Sorgenfrei, Michèle. Nanobody-Mediated Detection and Capture of Gram-Negative Pathogens. 2024, University of Zurich, Faculty of Science.

Abstract

Antimicrobial resistance poses a critical threat to global public health with particular concern focused on the ESKAPE pathogens - Enterococcus faecium, Staphylococcus aureus, Klebsiella pneumoniae, Acinetobacter baumannii, Pseudomonas aeruginosa, and Enterobacter species – as well as Escherichia coli (E. coli). These pathogens are increasingly associated with multidrug resistance, including resistance to 3rd and 4th generation cephalosporins and carbapenems. The widespread and inappropriate use of antibiotics is the fundamental driver responsible for the global spread of antimicrobial resistance. Antimicrobial stewardship programs offer effective guidelines to curb antibiotic exposure. An important cornerstone to reduce antibiotic usage is the implementation of rapid diagnostic procedures. Improved diagnostic testing will not only address the root cause of resistance development but will also improve treatment outcome, particularly in critical conditions such as sepsis, where the survival rate declines by nearly 8 % every hour. However, in sepsis the challenge lies in the low number of pathogens in the bloodstream, necessitating pathogen enrichment through blood culturing. Depending on the pathogen, blood culturing lasts between 10 hours up to several days. Following enrichment, species identification and phenotypic antimicrobial susceptibility testing are conducted.
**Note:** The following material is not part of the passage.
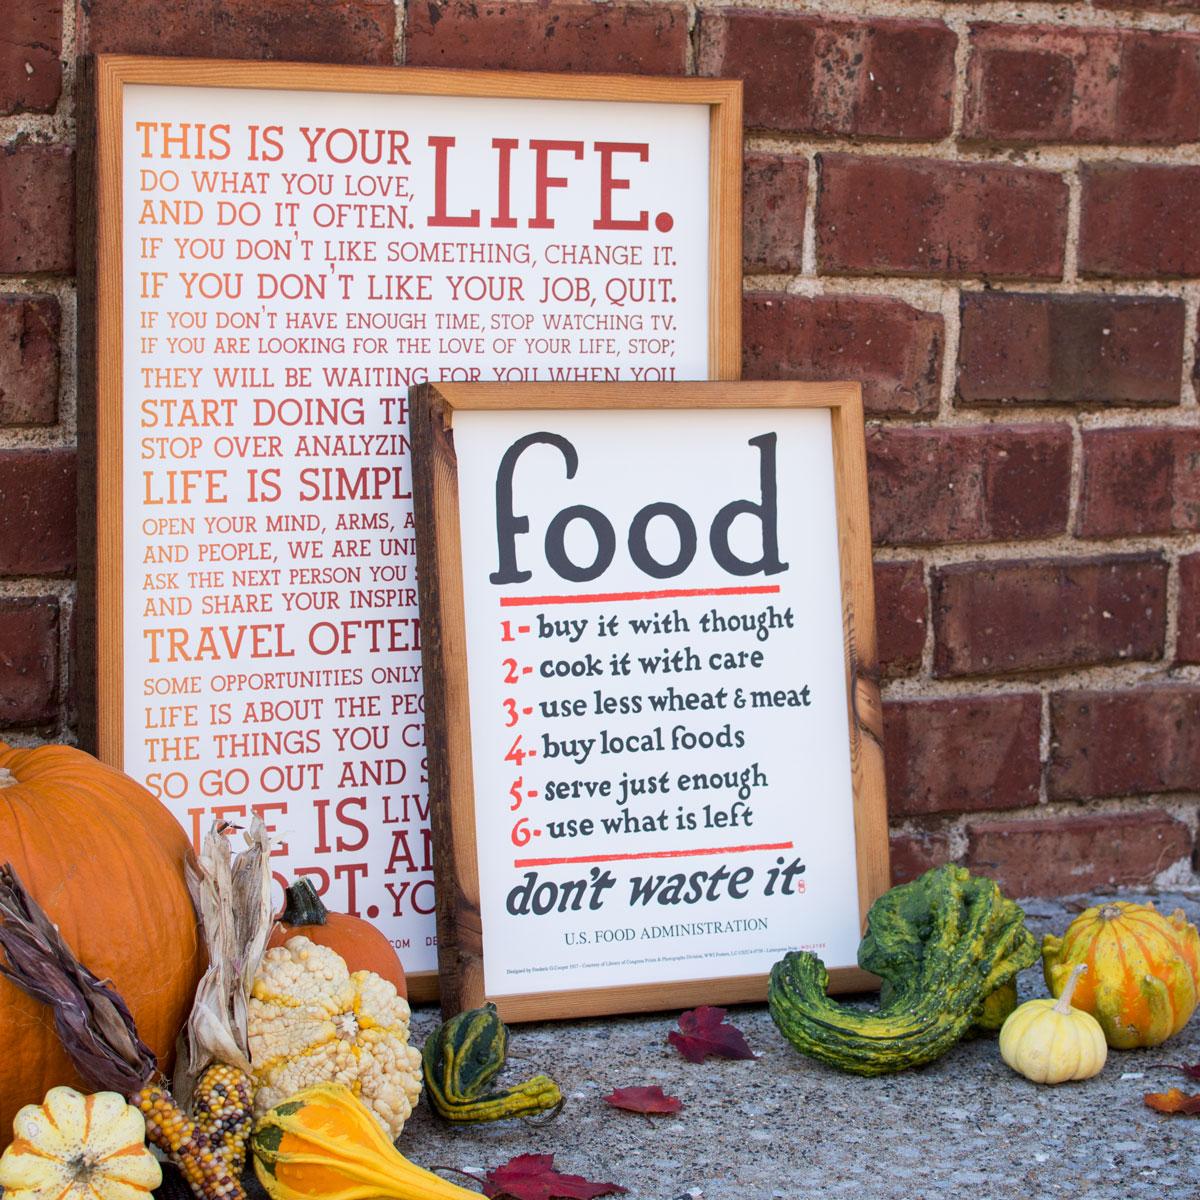 lg-food-rules-sunset-manifesto-right-align-brick-1200px.jpg

In Chapter 2, we reviewed the current literature for alternative enrichment methods that bypass blood culturing by extracting bacteria from whole blood using diverse capture agents often coupled to magnetic beads. These agents include components of the immune system, phage proteins, aptamers, or antimicrobial peptides. The ability to capture live pathogens allows potential combination with routine downstream analyses and facilitates phenotypic antimicrobial susceptibility testing. Our literature research revealed that some capture agents exhibit broad specificity, making them applicable across a diverse range of pathogens, while others demonstrate high specificity for particular species, enabling targeted detection. Despite promising sensitivity and throughput of several capture molecules, none of them seem to possess the optimal combination of stability, efficiency, sensitivity, and cost-effectiveness. Considering the favorable attributes of nanobodies, including their exceptional stability and small size, they unite all features of an ideal capture molecule.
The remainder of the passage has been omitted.